Task instructions
Exactly reproduce the lines from the line containing "Honeywell hc900 controller" to the end of the data below, inclusive, and nothing else.

Given information
#####

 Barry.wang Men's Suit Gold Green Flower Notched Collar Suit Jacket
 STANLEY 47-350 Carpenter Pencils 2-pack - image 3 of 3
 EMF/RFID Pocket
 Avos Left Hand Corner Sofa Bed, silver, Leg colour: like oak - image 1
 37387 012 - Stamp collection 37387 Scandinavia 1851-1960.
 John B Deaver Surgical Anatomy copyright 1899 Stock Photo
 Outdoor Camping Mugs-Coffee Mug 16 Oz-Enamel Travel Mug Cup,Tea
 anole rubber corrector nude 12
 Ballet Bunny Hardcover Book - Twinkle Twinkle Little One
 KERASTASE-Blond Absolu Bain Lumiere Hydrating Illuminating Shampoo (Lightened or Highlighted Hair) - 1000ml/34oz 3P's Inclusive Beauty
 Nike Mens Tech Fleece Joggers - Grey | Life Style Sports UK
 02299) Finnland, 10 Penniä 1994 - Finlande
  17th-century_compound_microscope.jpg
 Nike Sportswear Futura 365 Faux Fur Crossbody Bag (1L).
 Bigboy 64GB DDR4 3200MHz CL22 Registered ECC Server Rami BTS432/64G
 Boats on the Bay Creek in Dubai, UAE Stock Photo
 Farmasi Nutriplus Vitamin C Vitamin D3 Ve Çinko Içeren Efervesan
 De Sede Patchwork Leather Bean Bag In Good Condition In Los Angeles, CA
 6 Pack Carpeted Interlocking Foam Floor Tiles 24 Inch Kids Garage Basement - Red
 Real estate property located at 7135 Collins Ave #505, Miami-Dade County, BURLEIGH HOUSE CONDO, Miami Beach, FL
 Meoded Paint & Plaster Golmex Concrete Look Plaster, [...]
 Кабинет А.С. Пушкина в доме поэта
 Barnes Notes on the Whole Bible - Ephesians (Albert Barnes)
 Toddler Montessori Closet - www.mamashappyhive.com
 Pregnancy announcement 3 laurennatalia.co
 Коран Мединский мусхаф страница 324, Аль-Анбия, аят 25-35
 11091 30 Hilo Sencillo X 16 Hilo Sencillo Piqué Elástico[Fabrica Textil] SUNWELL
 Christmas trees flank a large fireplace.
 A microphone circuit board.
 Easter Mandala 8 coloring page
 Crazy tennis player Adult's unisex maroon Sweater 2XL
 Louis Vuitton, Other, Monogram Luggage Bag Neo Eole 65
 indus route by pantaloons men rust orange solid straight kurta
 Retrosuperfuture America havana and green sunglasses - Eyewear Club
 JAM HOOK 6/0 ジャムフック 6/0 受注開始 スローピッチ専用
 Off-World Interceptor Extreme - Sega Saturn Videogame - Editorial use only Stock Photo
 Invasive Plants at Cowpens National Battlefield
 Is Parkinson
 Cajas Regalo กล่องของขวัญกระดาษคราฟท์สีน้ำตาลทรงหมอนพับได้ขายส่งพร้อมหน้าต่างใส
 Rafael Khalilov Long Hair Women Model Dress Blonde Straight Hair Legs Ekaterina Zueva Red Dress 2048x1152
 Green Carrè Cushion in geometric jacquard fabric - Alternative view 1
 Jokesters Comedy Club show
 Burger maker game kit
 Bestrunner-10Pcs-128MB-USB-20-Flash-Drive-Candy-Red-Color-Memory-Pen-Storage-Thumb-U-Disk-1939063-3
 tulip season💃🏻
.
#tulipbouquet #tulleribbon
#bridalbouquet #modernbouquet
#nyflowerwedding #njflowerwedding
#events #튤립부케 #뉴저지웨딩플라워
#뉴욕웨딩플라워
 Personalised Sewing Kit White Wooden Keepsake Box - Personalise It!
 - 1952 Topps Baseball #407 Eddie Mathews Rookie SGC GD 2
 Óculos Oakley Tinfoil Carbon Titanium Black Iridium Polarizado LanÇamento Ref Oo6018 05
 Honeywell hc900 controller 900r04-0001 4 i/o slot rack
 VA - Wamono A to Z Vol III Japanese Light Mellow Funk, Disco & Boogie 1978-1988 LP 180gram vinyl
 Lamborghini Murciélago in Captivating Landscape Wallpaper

#####

Response to the task
 Honeywell hc900 controller 900r04-0001 4 i/o slot rack
 VA - Wamono A to Z Vol III Japanese Light Mellow Funk, Disco & Boogie 1978-1988 LP 180gram vinyl
 Lamborghini Murciélago in Captivating Landscape Wallpaper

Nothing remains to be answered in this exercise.